Сегодня отца похоронили. С того дня, всего неделю назад, когда он умер, кажется, я прожила целую вечность.
Сразу после смерти отца мачеха впала в прострацию. Она по-настоящему заболела. Я никогда прежде не видела, как она плачет, но об отце она плакала. Наверное, она действительно любила его. Впрочем, она всегда вела себя так, словно любила его, но я никогда этому не верила. Мне она так не понравилась
Я думала, мачеха будет слишком больна, чтобы присутствовать на похоронах, однако она заставила себя встать, надела вдовий траур — совершенно черное платье.
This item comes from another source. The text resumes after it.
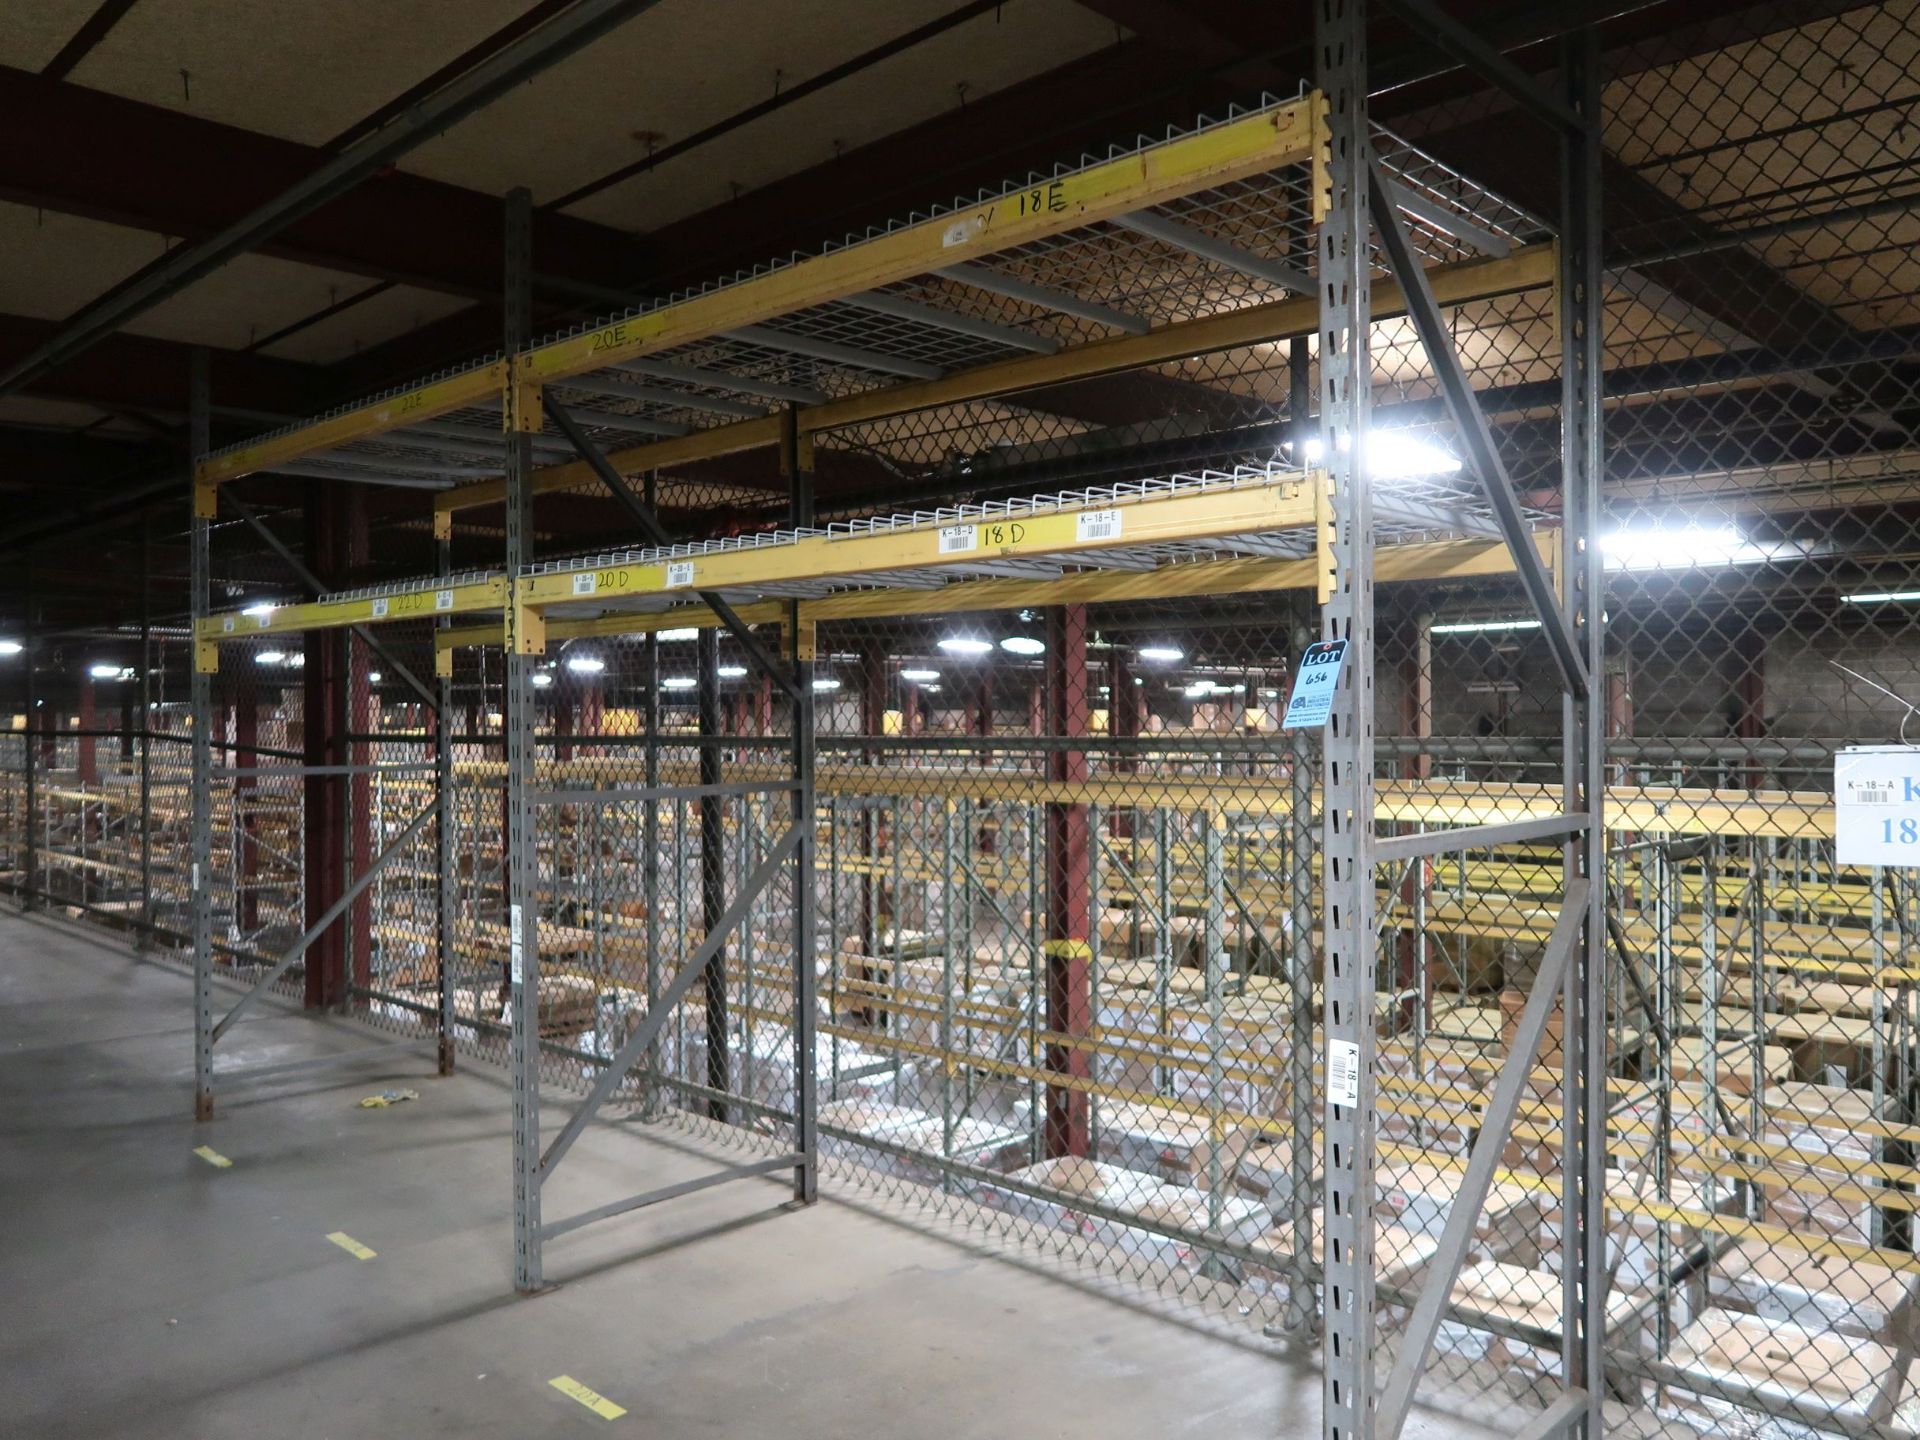 SECTIONS 96" X 42" X 120" ADJUSTABLE BEAM PALLET RACK; (3) 42" X 120" UPRIGHTS, (8) 96" X 3"

Ей это не идет. Она из тех женщин, кому нужны яркие цвета.
Казалось, траурный колокольный звон продолжался целую вечность. Катафалк, лошади с черными перьями, служители в строгих высоких шляпах и черных сюртуках, кортеж смерти… Все это усугубляло нашу потерю.
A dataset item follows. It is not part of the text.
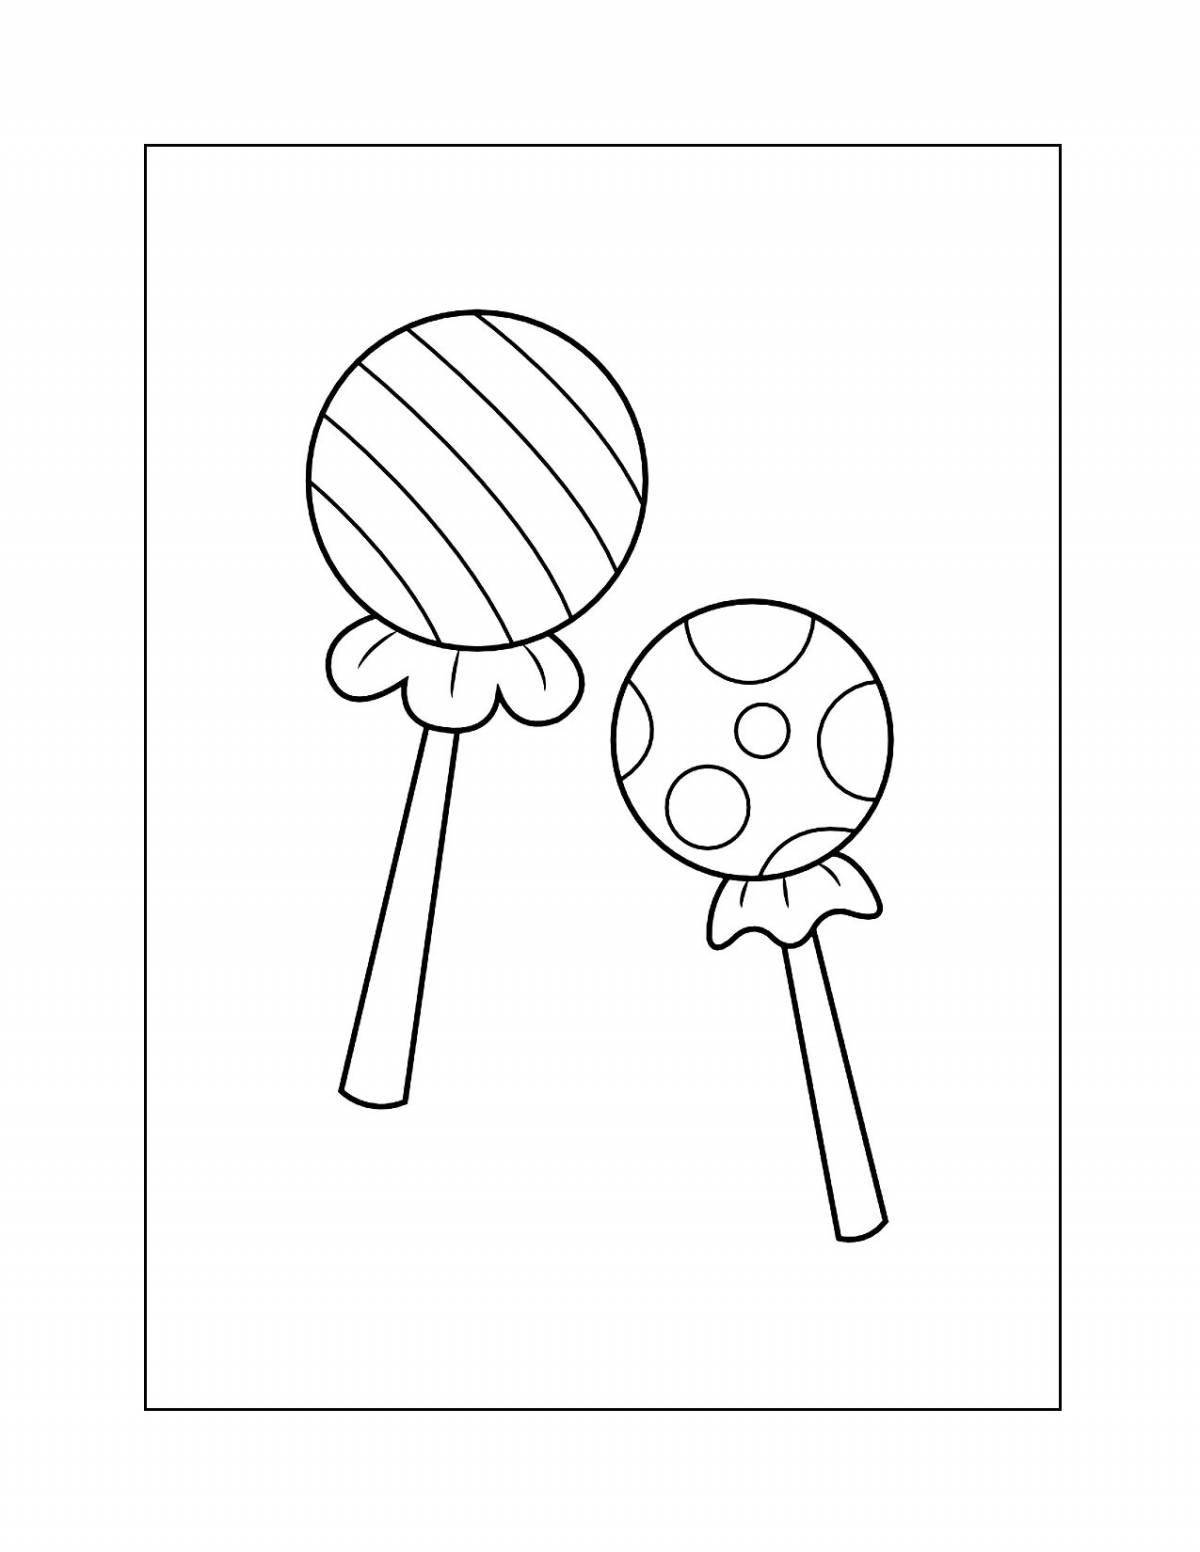 Adorable candy coloring book for kids

Почему людям обязательно надо так возвеличивать смерть? — спрашиваю себя я. Не лучше ли было бы тихо опустить отца в могилу?
Я стояла по одну сторону мачехи, Фредди — по другую, держа ее за руку. Мачеха слегка опиралась на меня, время от времени прикладывая платок к глазам.
Когда мы уезжали, поглазеть на нас собралась кучка деревенских жителей. Я услышала, как кто-то сказал:
— Бедняжка. Она была так счастлива с ним. Было просто приятно смотреть на них вместе. А теперь он ушел навеки.
Мачеха услышала эти слова и, казалось, задохнулась от наплыва чувств.
Служба в церкви была короткой, и я была этому рада.
Мы вышли из церкви вслед за гробом. Я слушала, как падают на гроб комья земли. Мачеха бросила на него букет астр. Схватила меня за руку и сжала ее.
А потом я подняла глаза. Чуть вдалеке от собравшихся вокруг могилы стоял Десмонд Фидерстоун.
Сердце мое учащенно забилось. Я вдруг ощутила страх. Взгляд его был прикован к лицу мачехи.
Когда мы отошли от могилы, Фидерстоун присоединился к нам.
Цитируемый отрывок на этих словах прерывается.